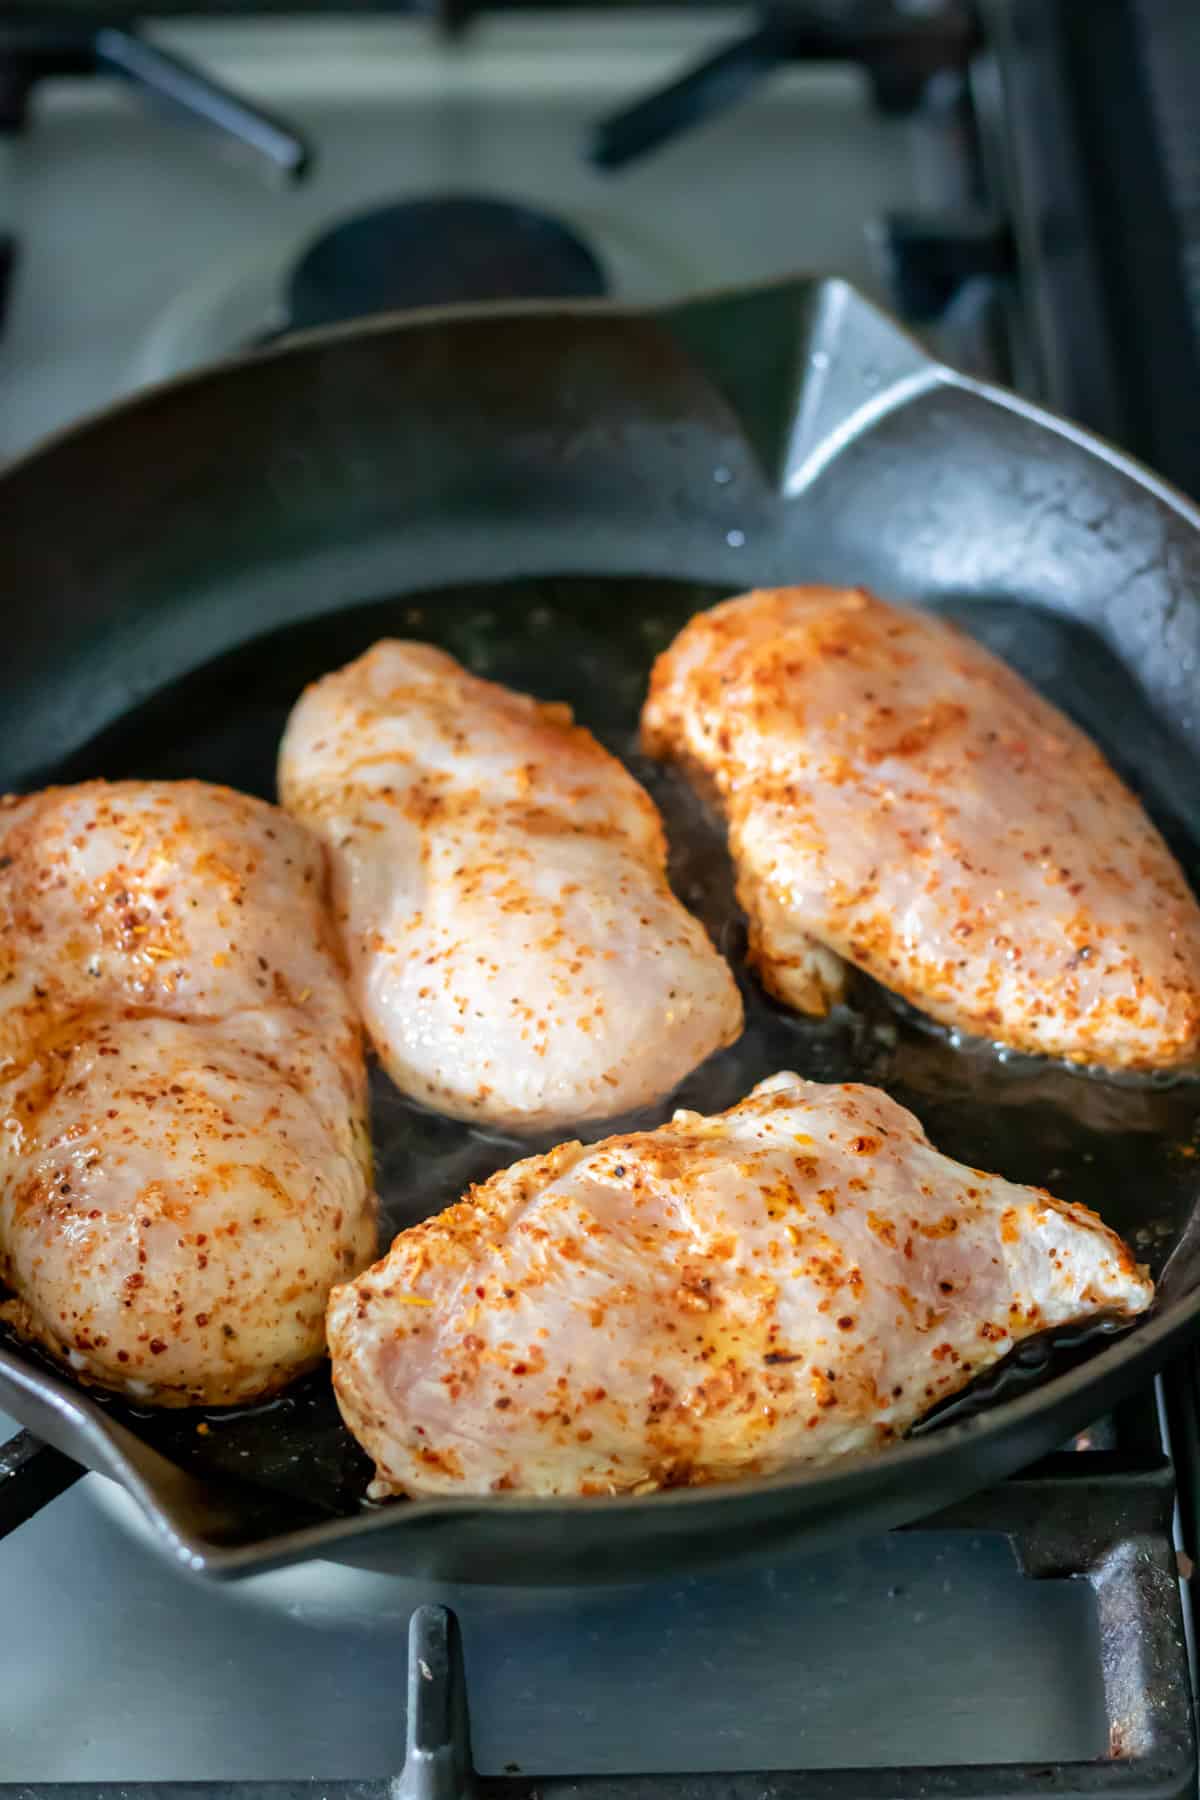 Pan frying chicken breasts.
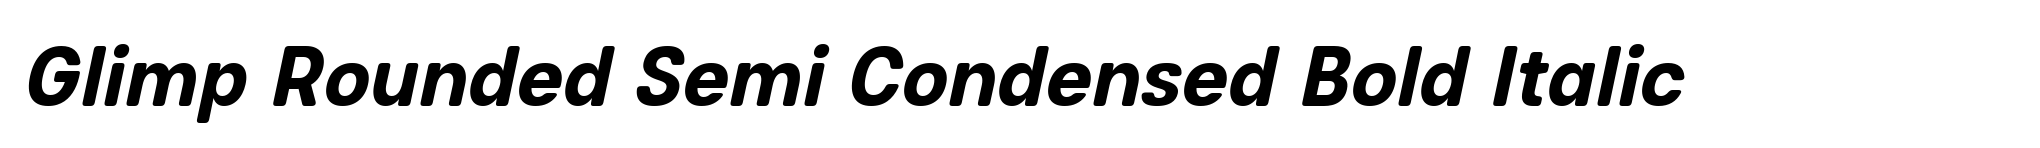 Glimp Rounded Semi Condensed Bold Italic image
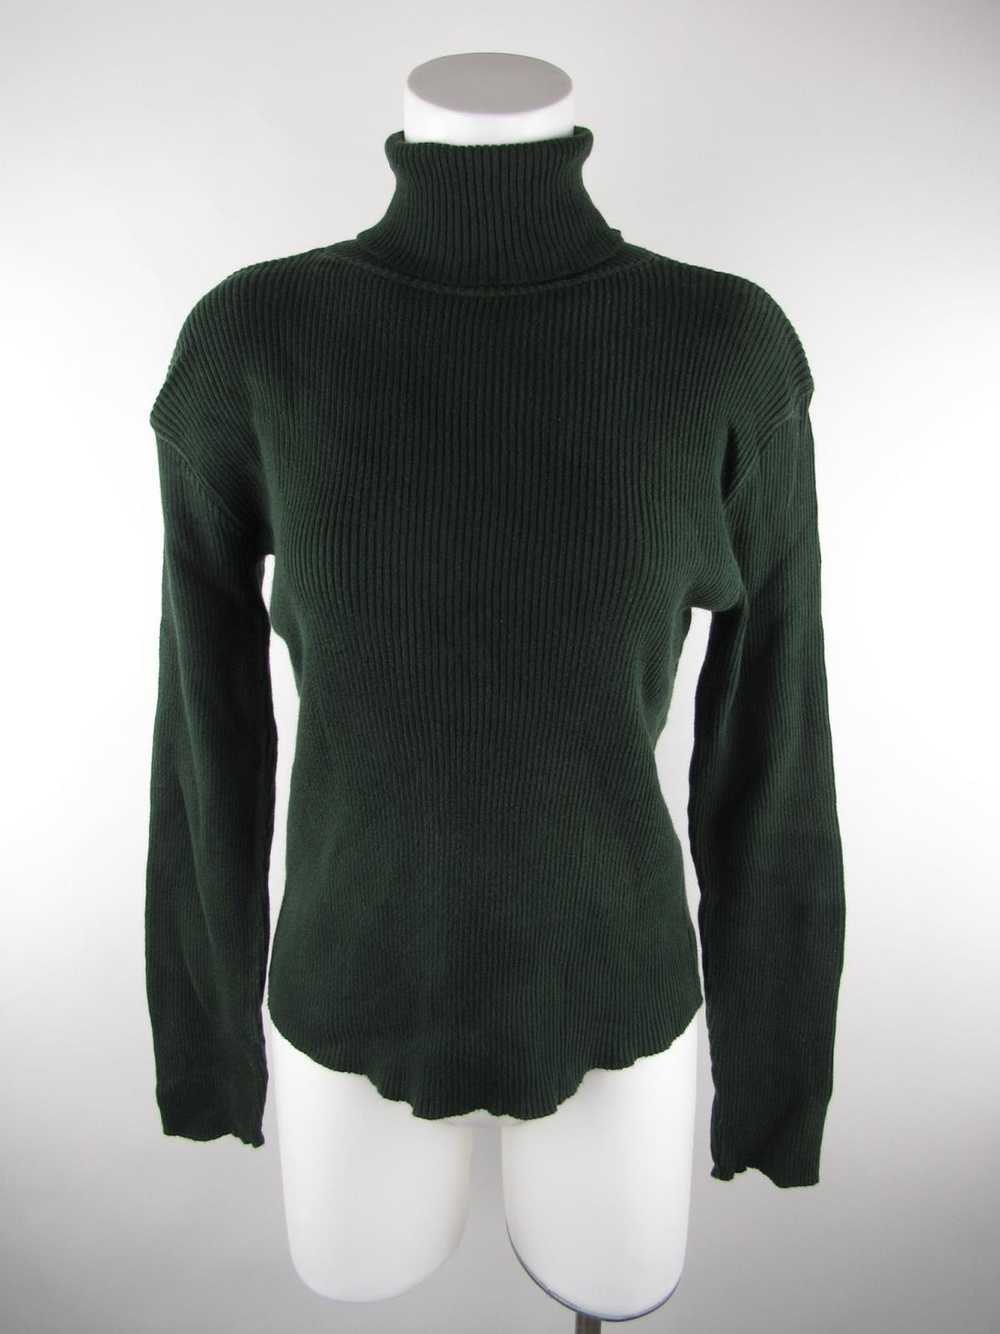 G.H. Bass & Co. Turtleneck Sweater - image 1
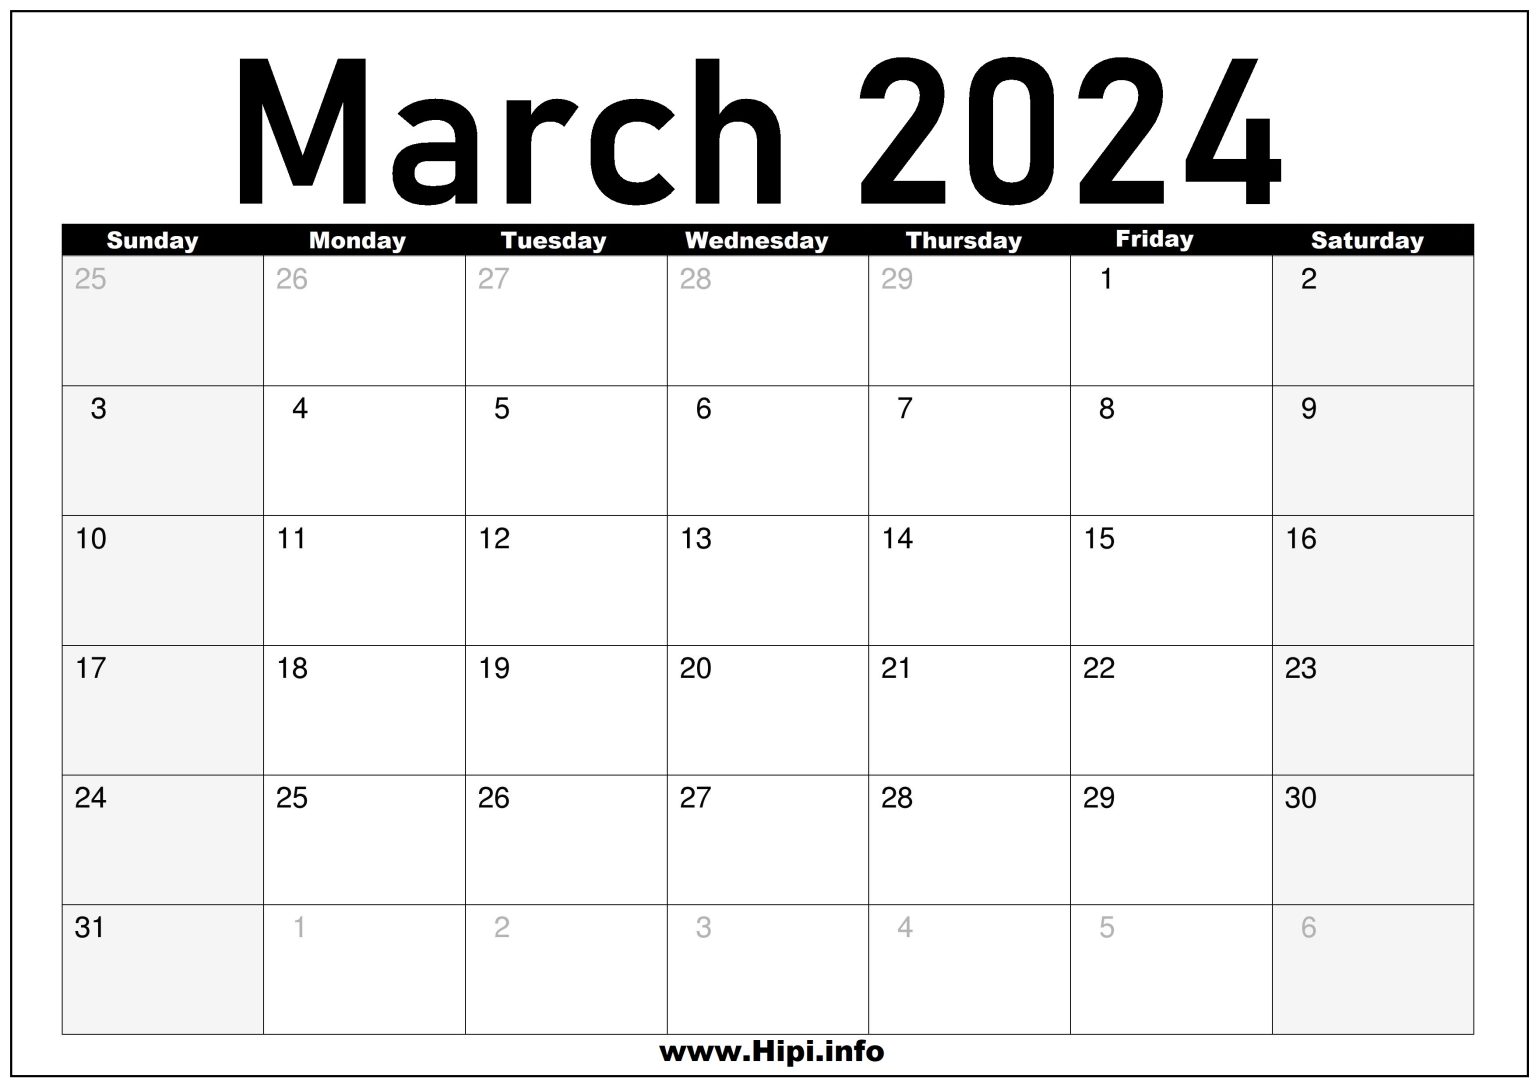 march-2024-calendar-monthly-hipi-info
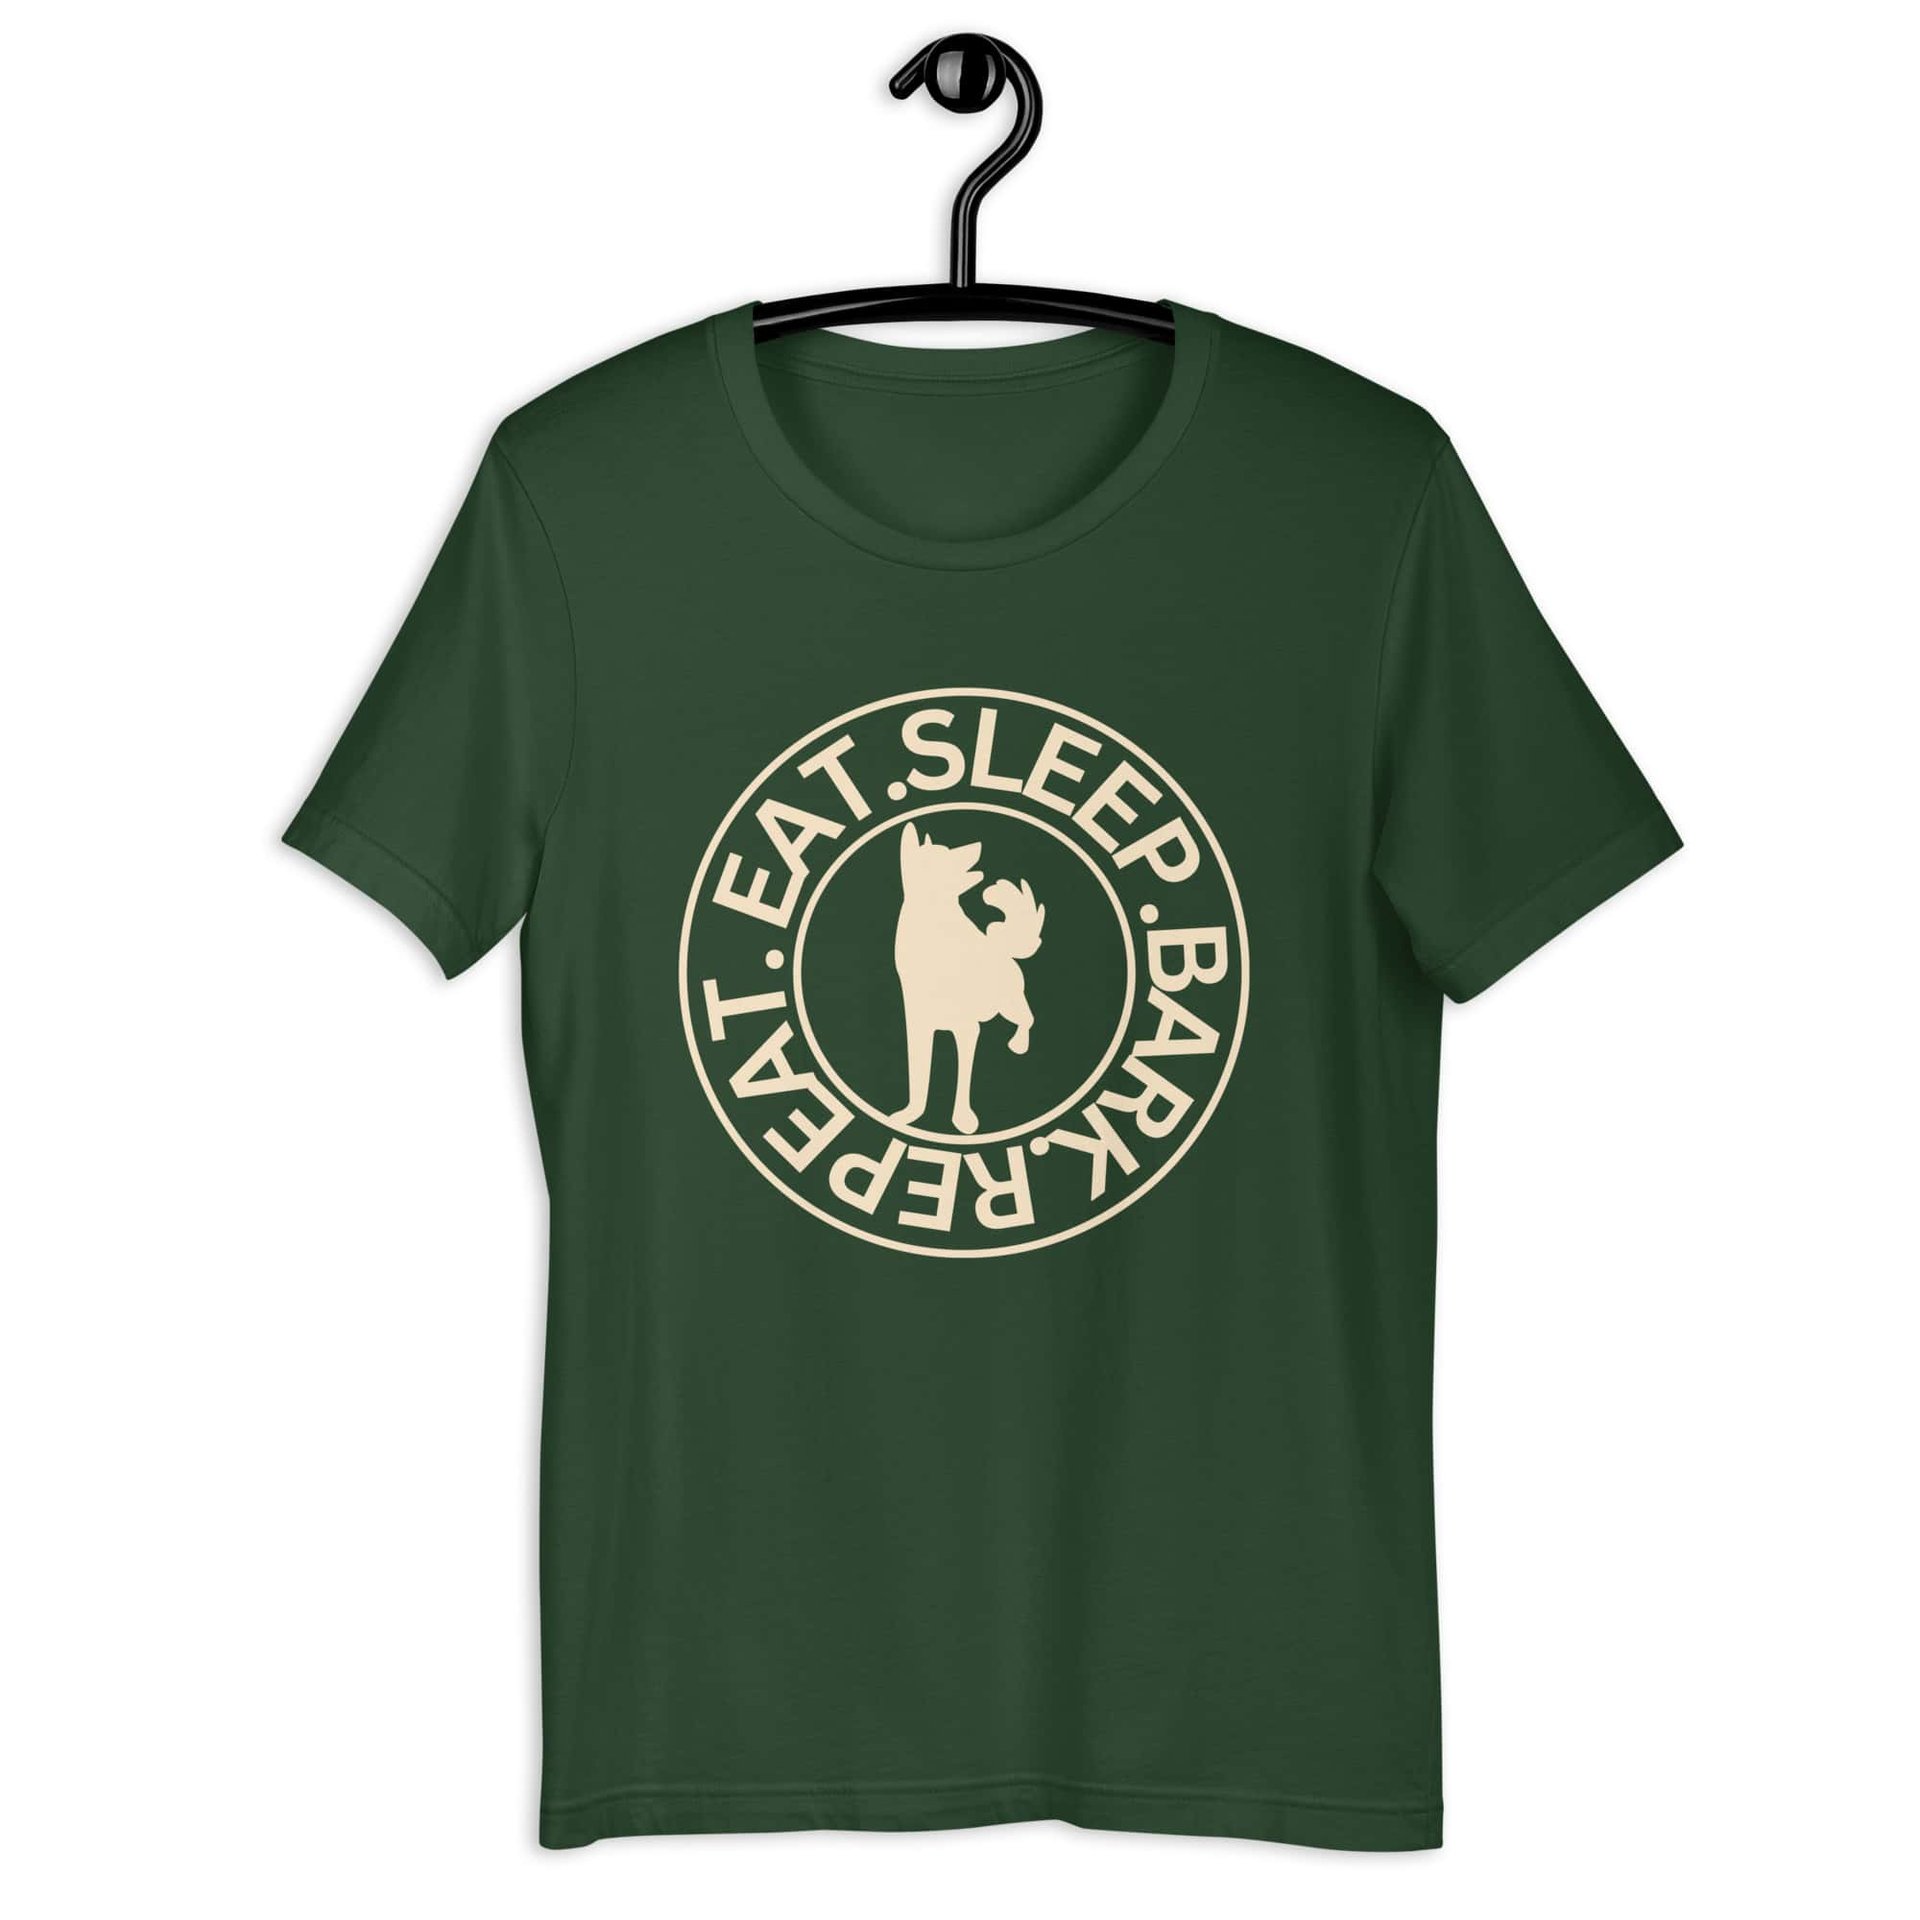 Eat Sleep Bark Repeat Shepherd Unisex T-Shirt. Forest

== About this task ==
The line that contains "G.H. Bass & Co. Turtleneck Sweater - image 1" begins the part to retype, and the last line of the records above ends it. Retype both and everything between, exactly, without the pictures.

== Answer for this exercise ==
 G.H. Bass & Co. Turtleneck Sweater - image 1
 march-2024-calendar-monthly-hipi-info
 Eat Sleep Bark Repeat Shepherd Unisex T-Shirt. Forest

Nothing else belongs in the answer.